Source information:

[Start of Attachment]

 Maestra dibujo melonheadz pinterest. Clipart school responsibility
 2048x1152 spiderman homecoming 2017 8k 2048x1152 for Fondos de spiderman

[End of Attachment]
[Start of Attachment]

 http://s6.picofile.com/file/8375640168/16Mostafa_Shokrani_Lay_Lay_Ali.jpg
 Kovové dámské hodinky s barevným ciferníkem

[End of Attachment]

Your goal:
Copy out precisely the lines from the line with "Maestra dibujo melonheadz" to the line with "2048x1152 spiderman homecoming" in the material above, including those two lines and omitting all the rest.

Response to this task:
 Maestra dibujo melonheadz pinterest. Clipart school responsibility
 2048x1152 spiderman homecoming 2017 8k 2048x1152 for Fondos de spiderman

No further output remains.